- _TASK GOAL_: Your task is to copy the data exactly while leaving out every picture.

- _GIVEN DATA_:
- Opening Delimiter -

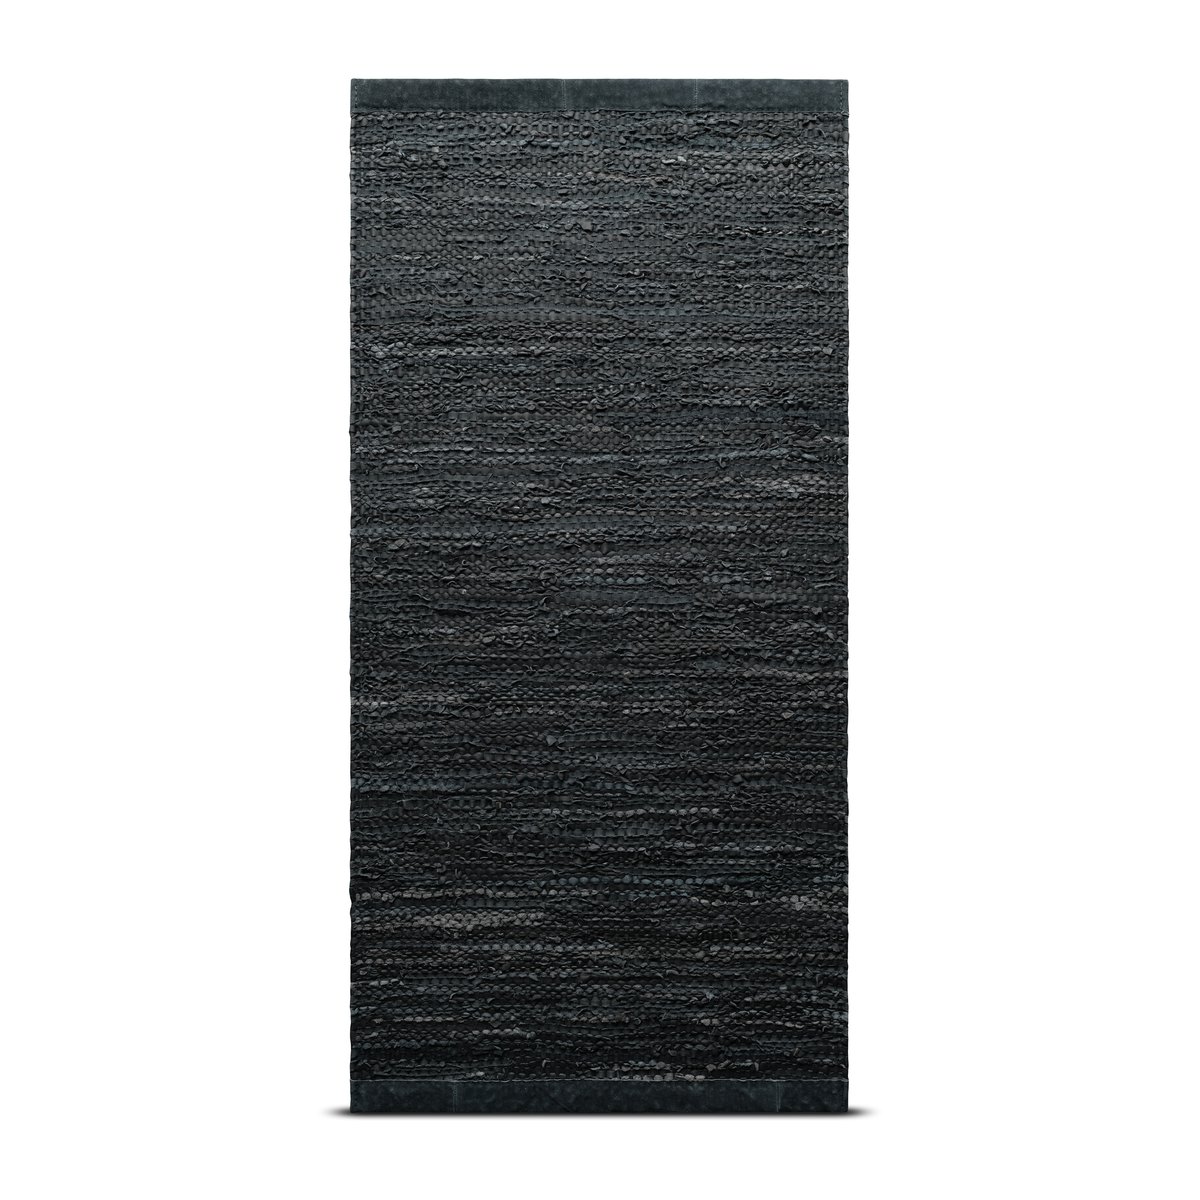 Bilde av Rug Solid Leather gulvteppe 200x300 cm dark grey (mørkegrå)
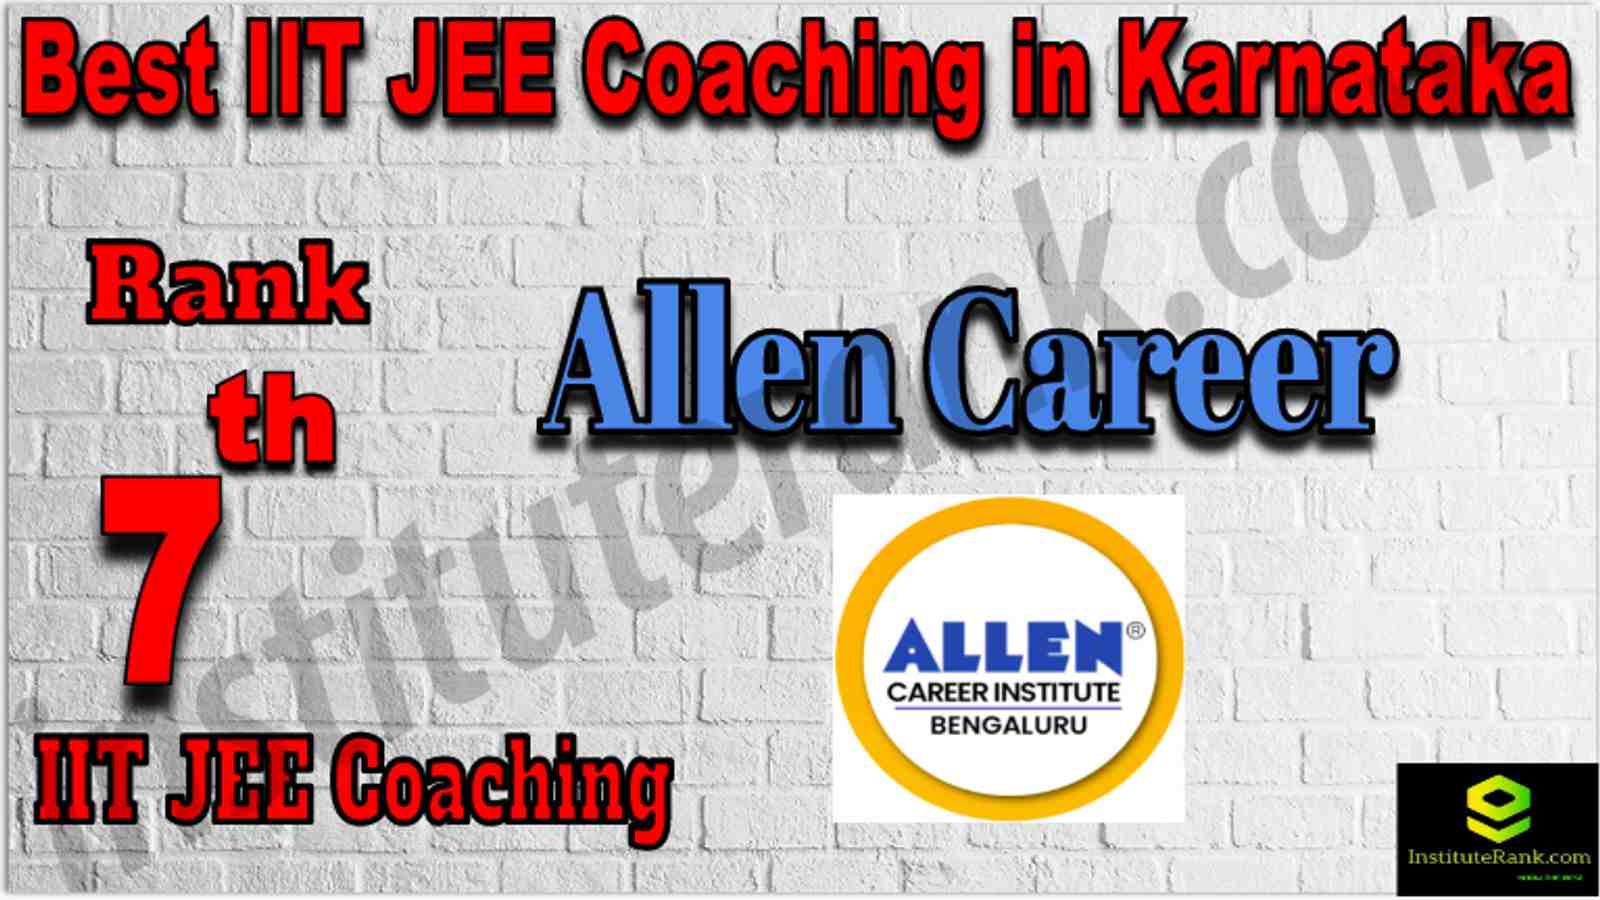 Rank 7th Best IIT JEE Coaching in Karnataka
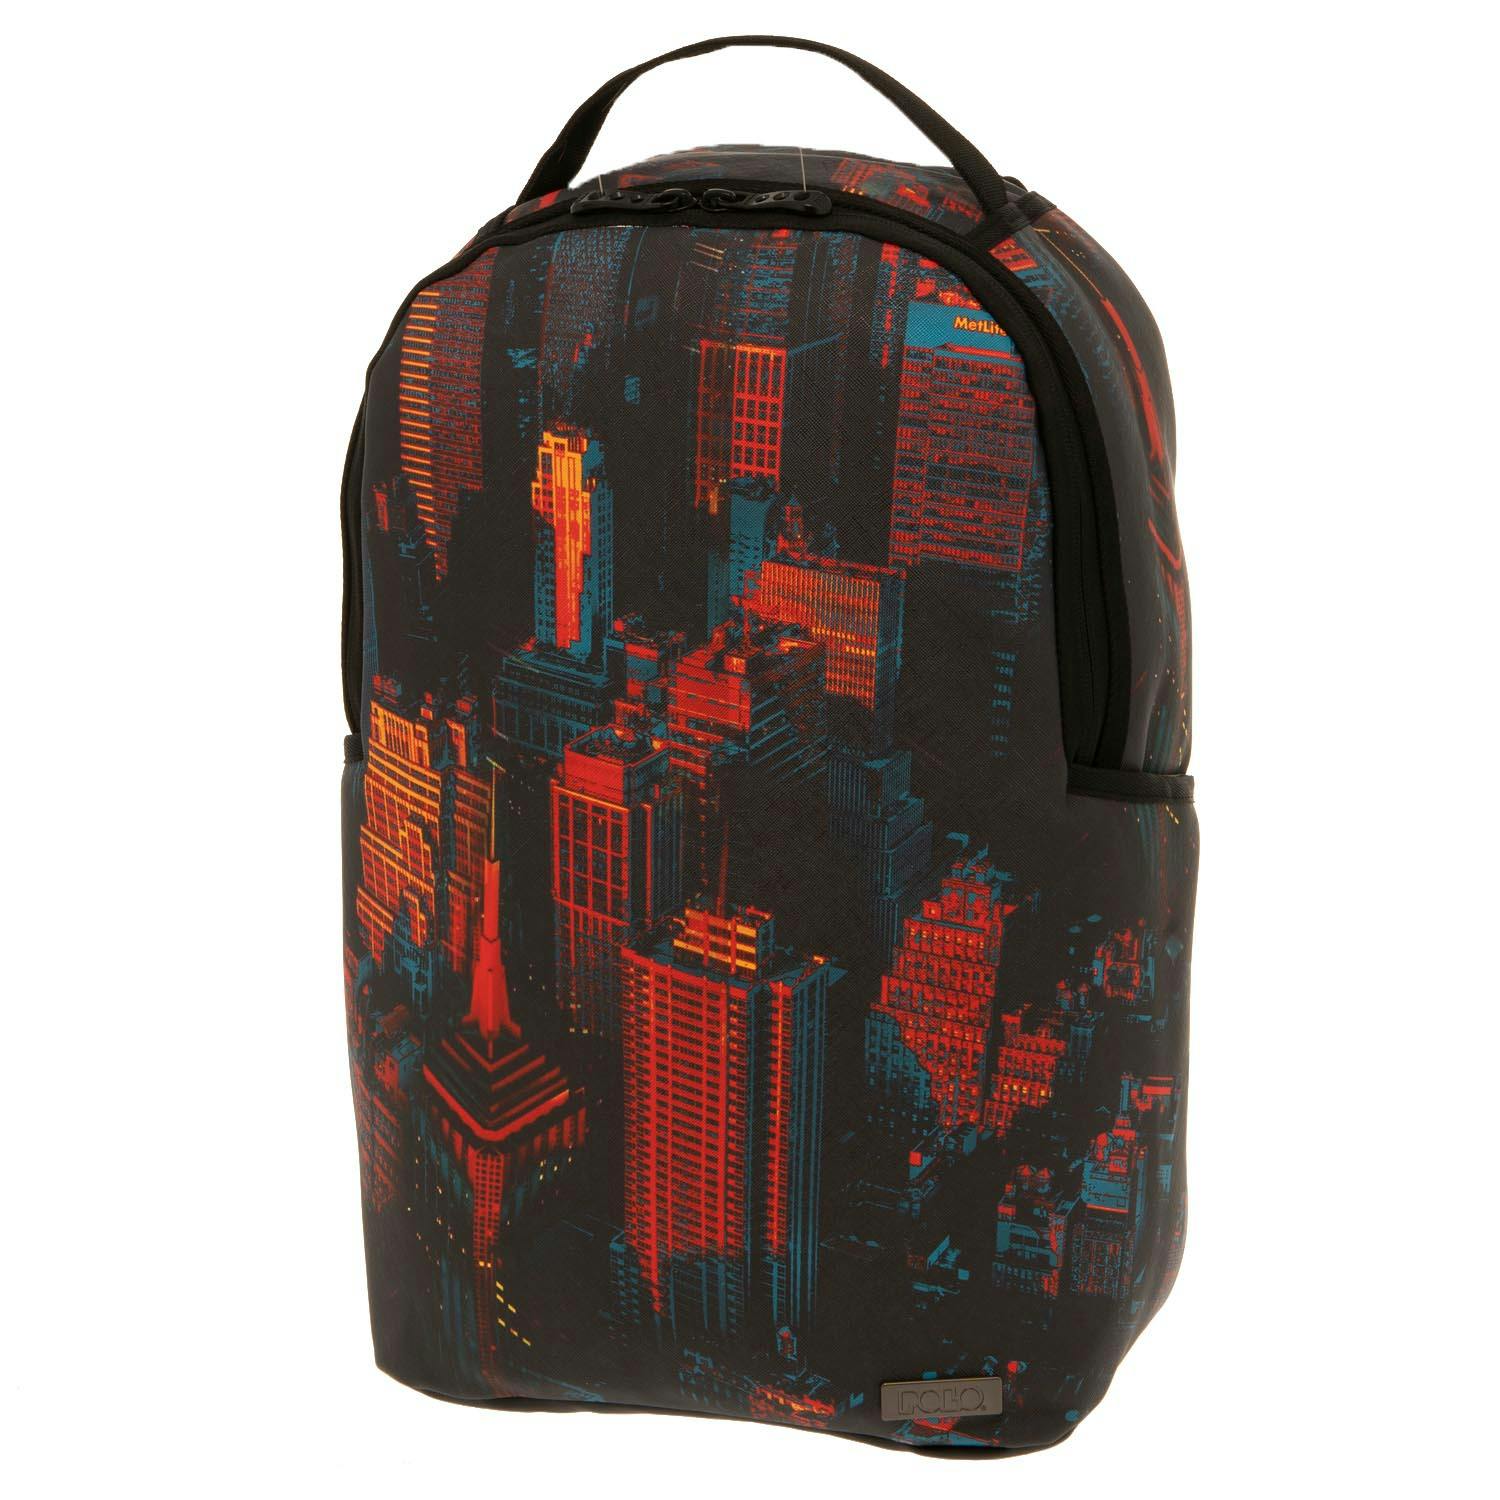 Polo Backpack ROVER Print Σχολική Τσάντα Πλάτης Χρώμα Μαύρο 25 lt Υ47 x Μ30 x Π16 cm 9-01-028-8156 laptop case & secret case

- Closing Delimiter -

- _FINAL ANSWER_:
 Bilde av Rug Solid Leather gulvteppe 200x300 cm dark grey (mørkegrå)
 Rank 7th Best IIT JEE Coaching in Karnataka
 Polo Backpack ROVER Print Σχολική Τσάντα Πλάτης Χρώμα Μαύρο 25 lt Υ47 x Μ30 x Π16 cm 9-01-028-8156 laptop case & secret case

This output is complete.